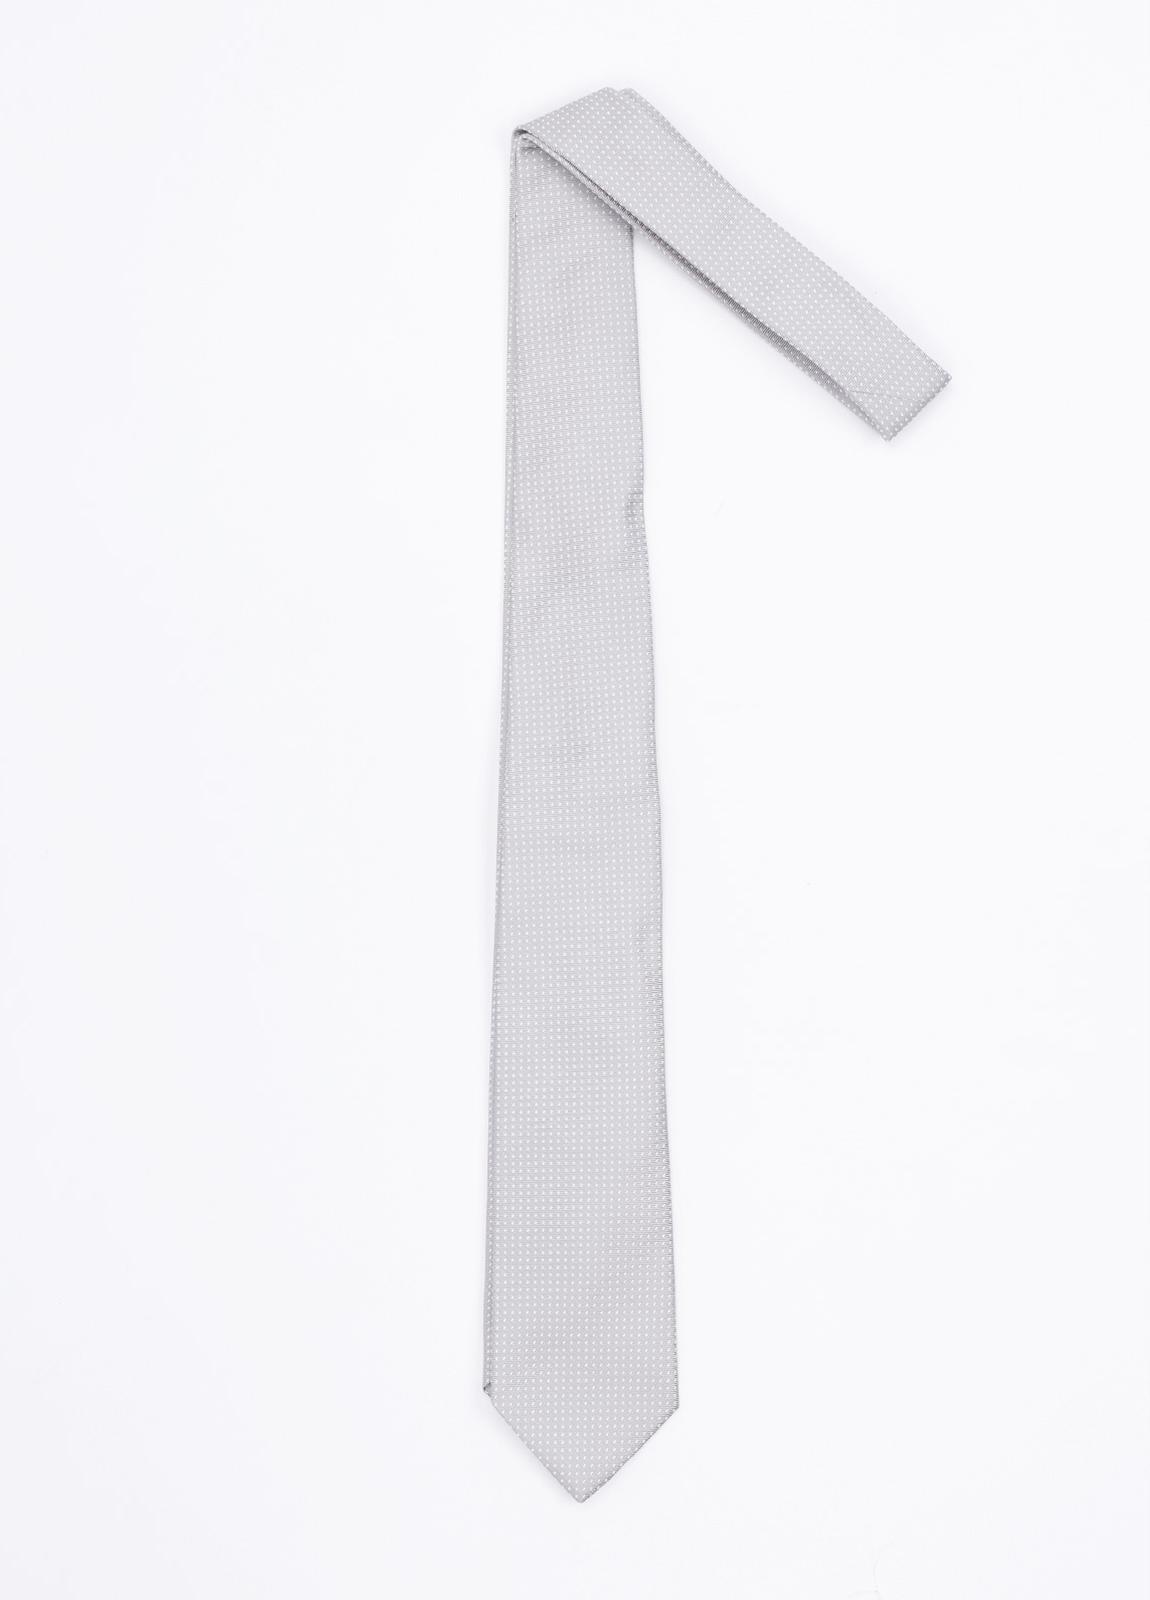 Corbata ceremonia microdibujo, color perla. Pala 7,5 cm. 100% Seda.
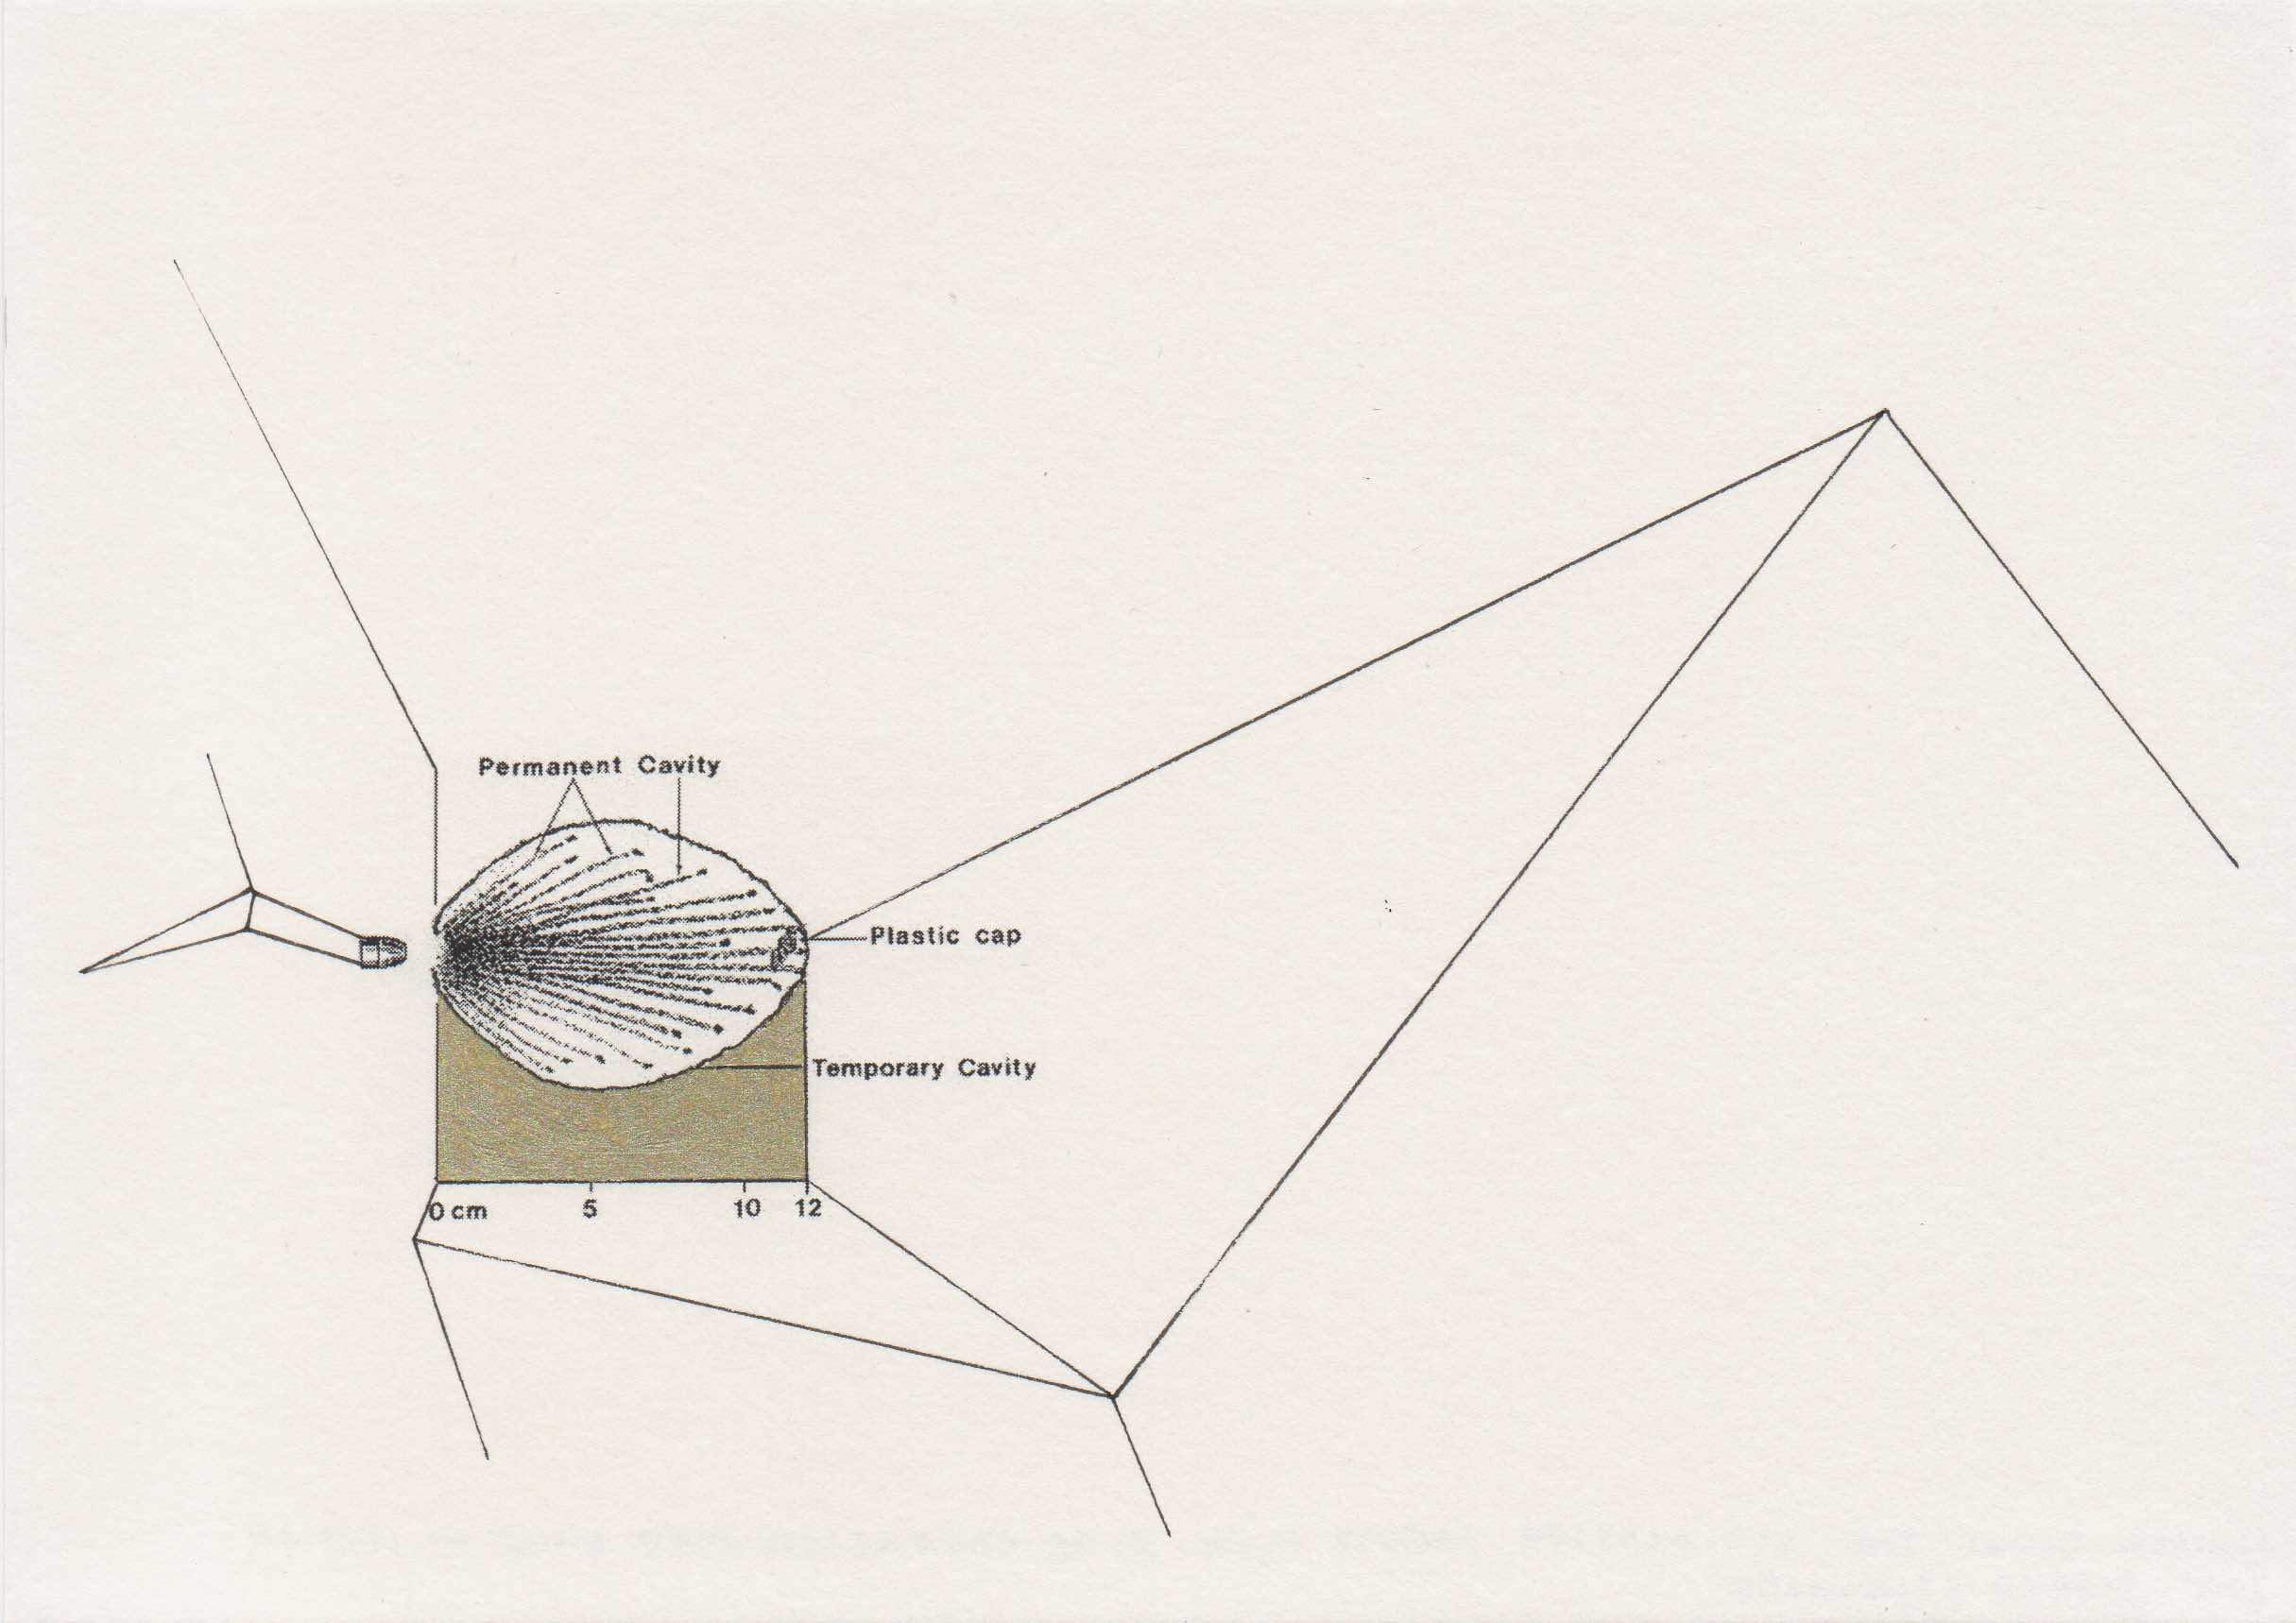 Joanna Rajkowska .357 Glasser Safety Slug, 80gr Prefragmented Bullet at 1785 f:s 2015 20.6x14.6 cm.jpg
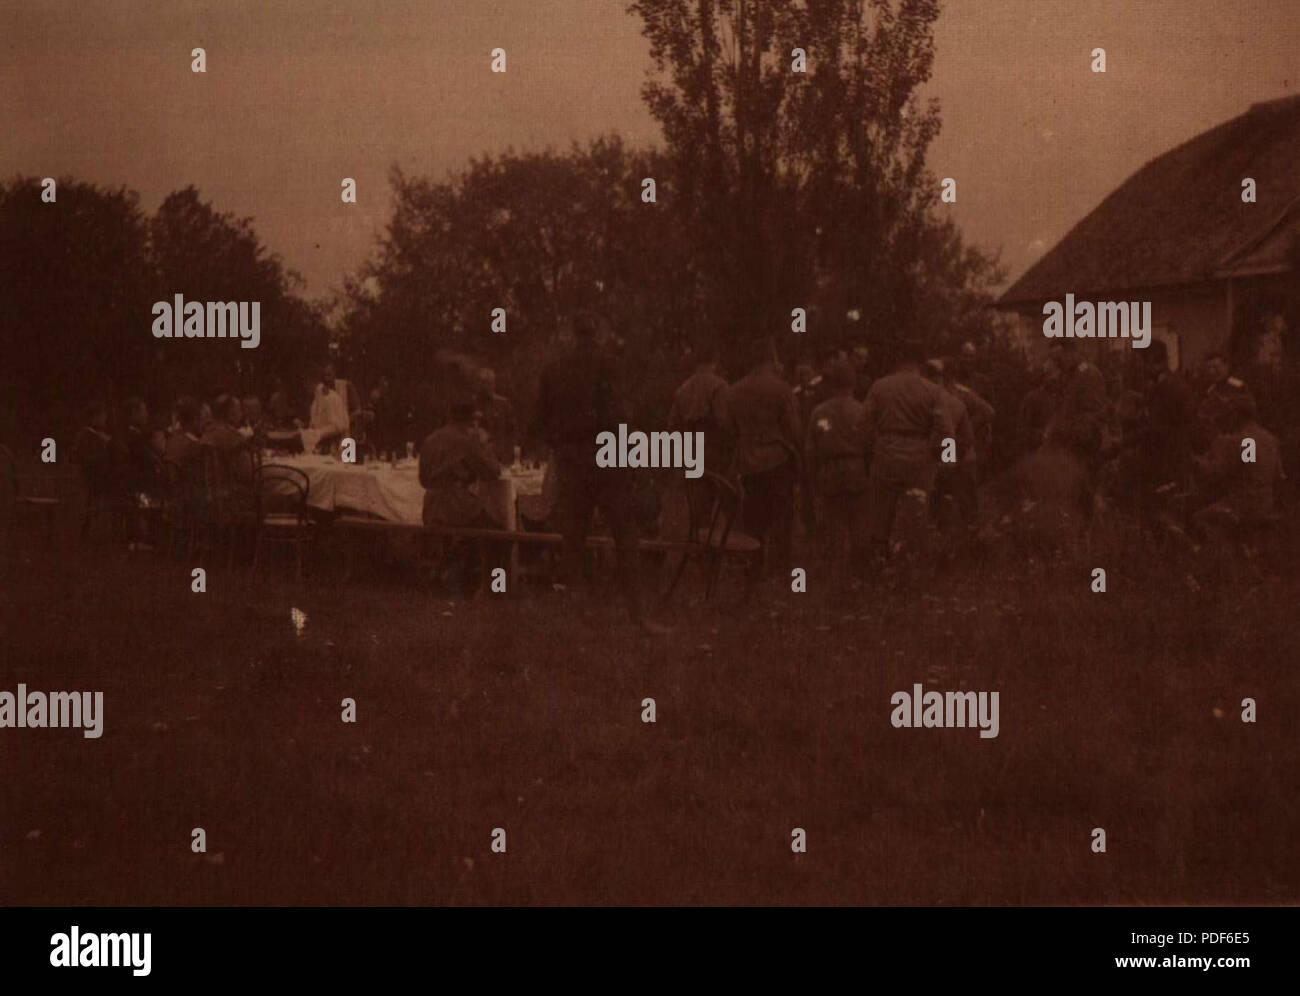 8a 1 Stock Photos & 8a 1 Stock Images - Alamy

-- -- --

_WHAT IS NEEDED_:
Starting with the top line, write out all the data above exactly; keep the pictures out.

_RESPONSE AREA_:
 Corbata ceremonia microdibujo, color perla. Pala 7,5 cm. 100% Seda.
 Joanna Rajkowska .357 Glasser Safety Slug, 80gr Prefragmented Bullet at 1785 f:s 2015 20.6x14.6 cm.jpg
 8a 1 Stock Photos & 8a 1 Stock Images - Alamy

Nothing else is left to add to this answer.